スーパーファミコン版『美少女戦士セーラームーン』は、アニメ第1期を忠実に下敷きにしながらも、ゲームテンポに合わせてストーリーを大幅に再構成しています。アニメでは物語が全46話をかけて徐々に展開されましたが、ゲームではわずか5ステージ構成のため、主要エピソードやキャラクターの登場順が大胆に圧縮されているのが特徴です。
例えば、原作では四天王はそれぞれ独立したエピソードや作戦を持って登場しますが、ゲームでは各ステージの中ボス・大ボスとして順番に配置され、戦闘シーンがメインに。さらにアニメでは長い心理戦や会話劇が描かれる場面も、ゲームでは短いカットイン演出やボス前の一言で済ませるなど、プレイヤーがアクションの流れを崩さず楽しめるように調整されています。
また、敵妖魔の種類や配置は、アニメに登場した個体をベースにしつつもゲームオリジナルの構成が多く、特定のエピソードに縛られず「セーラームーン世界の雰囲気」を濃縮している点が魅力です。
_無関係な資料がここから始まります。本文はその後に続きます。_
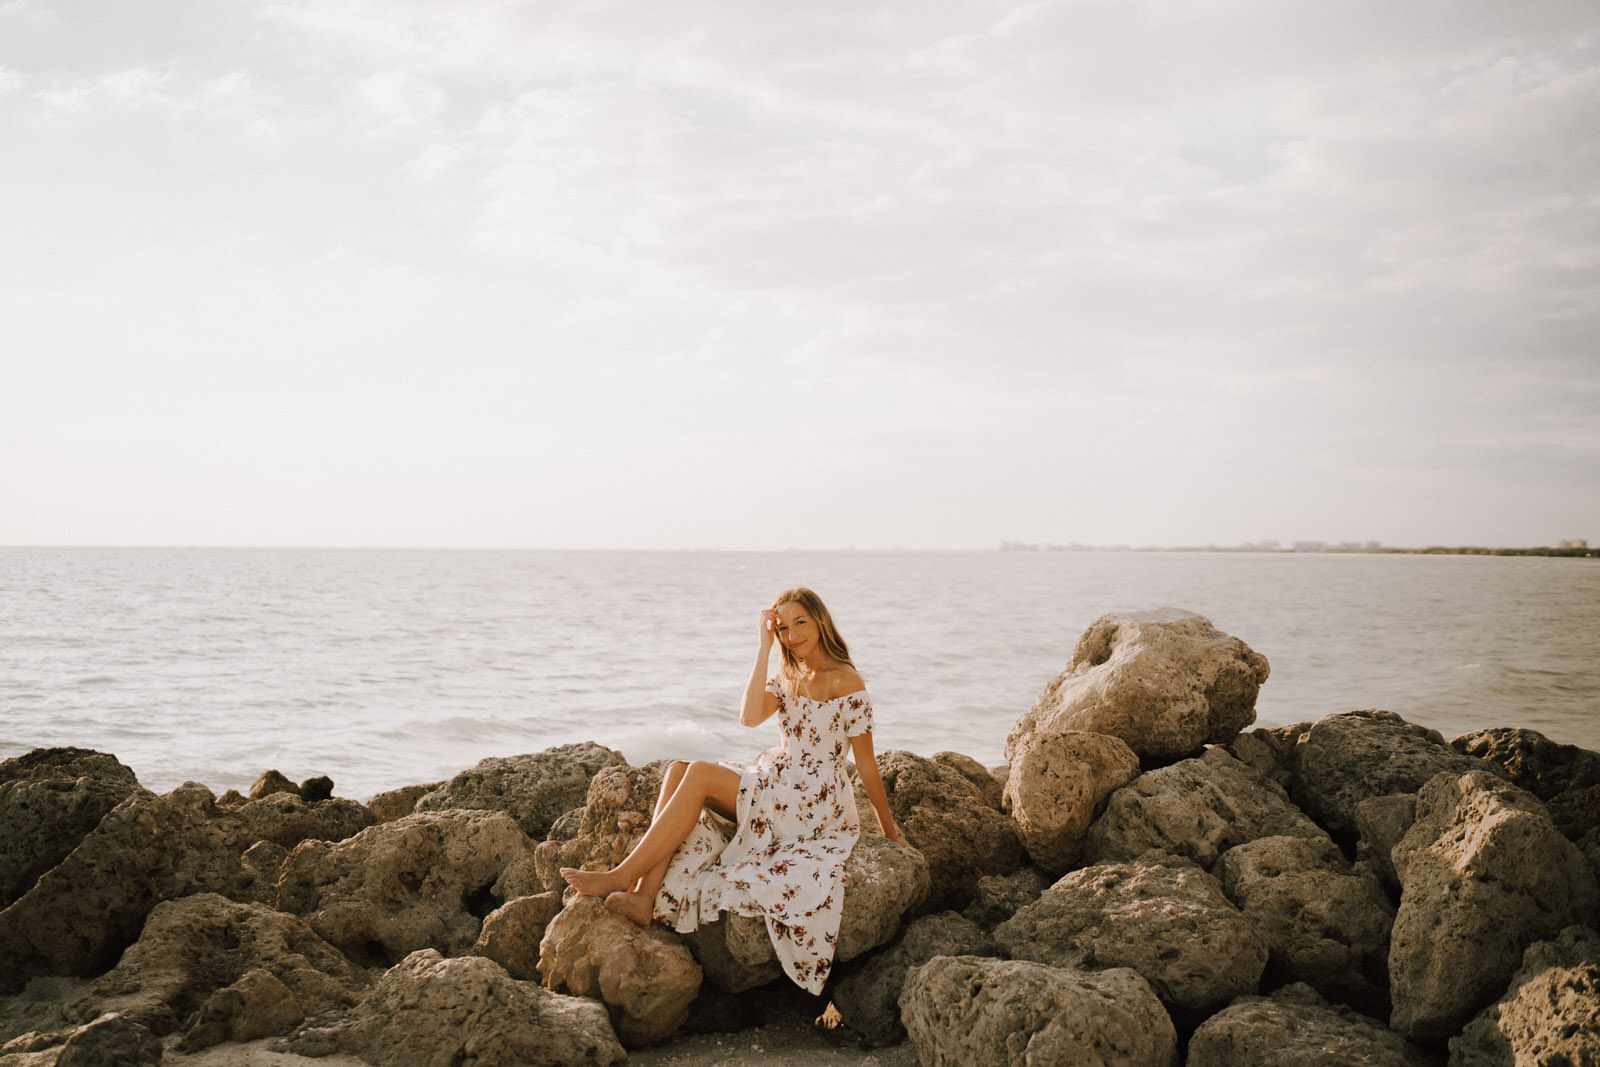 Fort Myers Senior Photos on Bonita Beach - Michelle Gonzalez Photography - Sammie-19.JPG
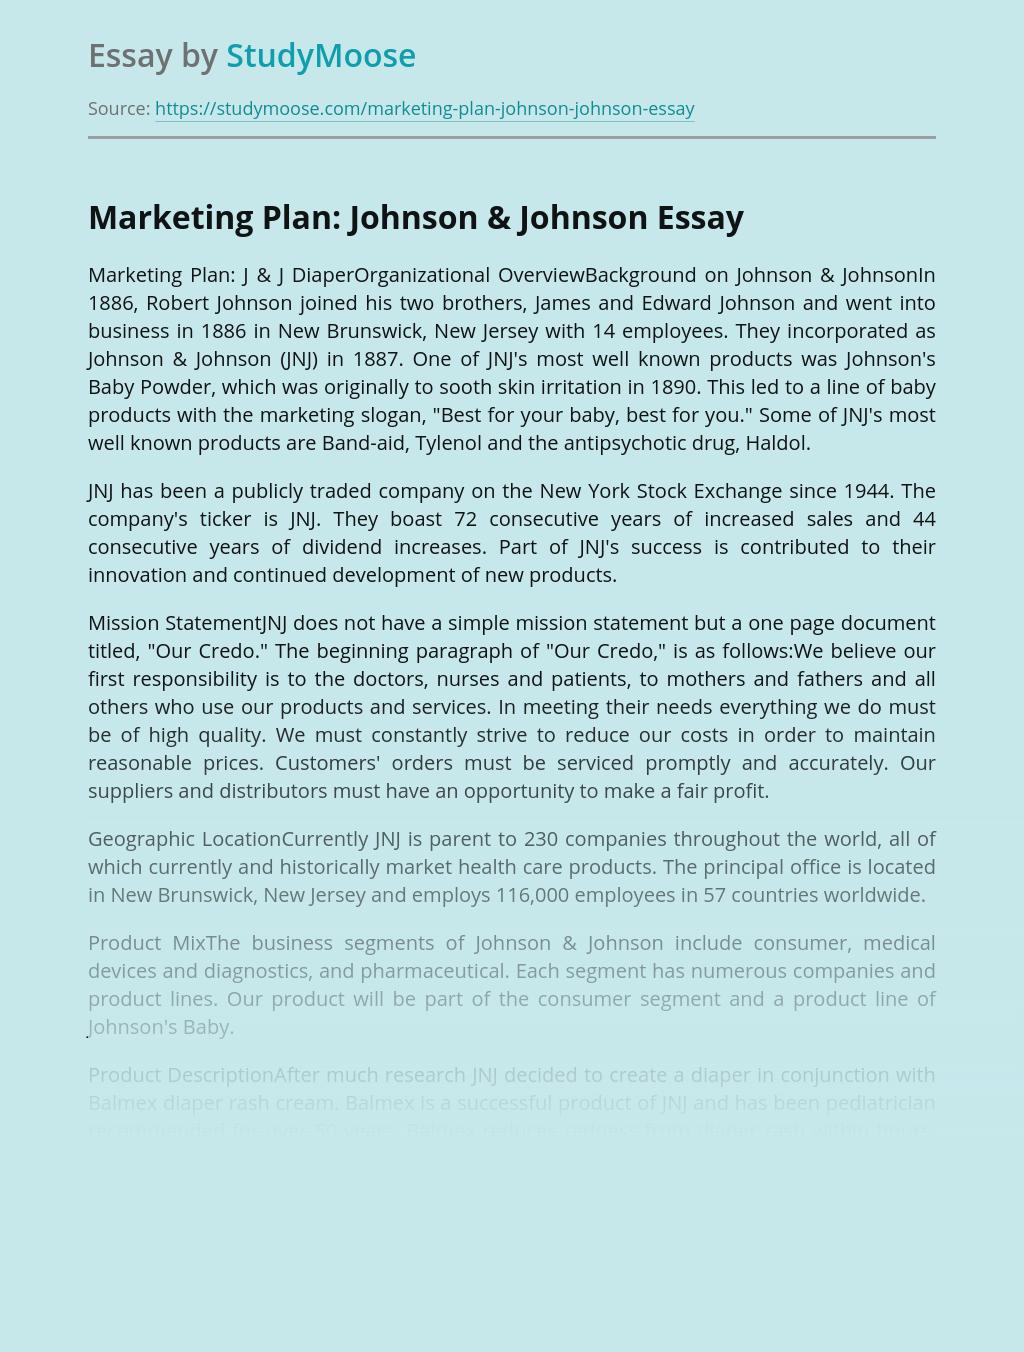 Marketing Plan: Johnson & Johnson

これは当時のバンダイ製キャラゲーに多く見られるアプローチで、「限られた容量とゲーム性の両立」を目指した結果といえるでしょう。
アニメを知っている人にとっては「あのシーンがこうアレンジされたのか」という発見があり、ゲームから入った人には濃密な“ダーク・キングダム決戦ダイジェスト”として楽しめる構成になっています。
🎮 原作にないゲームオリジナル要素・キャラ

スーパーファミコン版『美少女戦士セーラームーン』には、アニメ第1期には登場しないゲームオリジナルの要素や敵キャラクターが多数盛り込まれています。これは、当時のアクションゲーム制作でよく見られた「プレイ時間と難易度を確保するための追加要素」であり、原作ファンでも新鮮に楽しめるポイントでした。
まず顕著なのが、各ステージに配置された雑魚敵の多くがゲームオリジナルデザインであること。アニメに登場する妖魔の姿を一部参考にしつつも、アクション性を高めるために動きや攻撃パターンが独自に設定されています。例えば、動きの素早い爪攻撃タイプや、飛び道具を放つ遠距離タイプなど、原作では見られないバリエーションが追加されました。
さらに、ステージ構成そのものもオリジナル要素が強く、アニメでは戦闘が行われなかったロケーション(遊園地、港湾エリア、廃ビル内部など)が用意されています。これにより、原作の物語に直接関係しないオリジナル戦いの場面が数多く追加され、プレイヤーはセーラー戦士の世界をより広く冒険できるようになっています。
また、ボス戦の一部は原作キャラの登場順や設定をアレンジしており、ゲームの進行に合わせて戦いやすいよう順番が最適化されています。特に原作では交戦しない組み合わせの戦いが見られるのは、ゲームならではの醍醐味と言えるでしょう。
このようなアレンジや追加要素は、単なる“原作再現”にとどまらず、「ゲーム版セーラームーン」というもう一つの楽しみ方を提供する存在になっています。
💬 原作ファンの満足度と当時の声

1993年にスーパーファミコンで発売された『美少女戦士セーラームーン』は、発売当時から原作ファンの注目を集めました。特にアニメ第1期をベースにした世界観と、5人のセーラー戦士を自由に選んで操作できる点は、ファンにとって大きな魅力となりました。
当時のゲーム誌『ファミコン通信』や『ファミマガ』では、「原作キャラクターの再現度が高く、アニメそのままの必殺技演出がうれしい」「BGMがアニメの雰囲気に近く、ファンなら思わずニヤリ」といった好意的な評価が目立ちました。一方で、「難易度は高めで、アクションに慣れていないプレイヤーには厳しい」という意見もあり、攻略本や友人との情報交換が盛んに行われたのもこの作品の特徴です。
女性プレイヤーの感想としては、「アクションゲームは苦手だけど、セーラームーンだから最後まで頑張れた」「アニメでは見られない戦闘シーンや背景が新鮮だった」という声が多く、原作愛がプレイ意欲を後押ししたことがうかがえます。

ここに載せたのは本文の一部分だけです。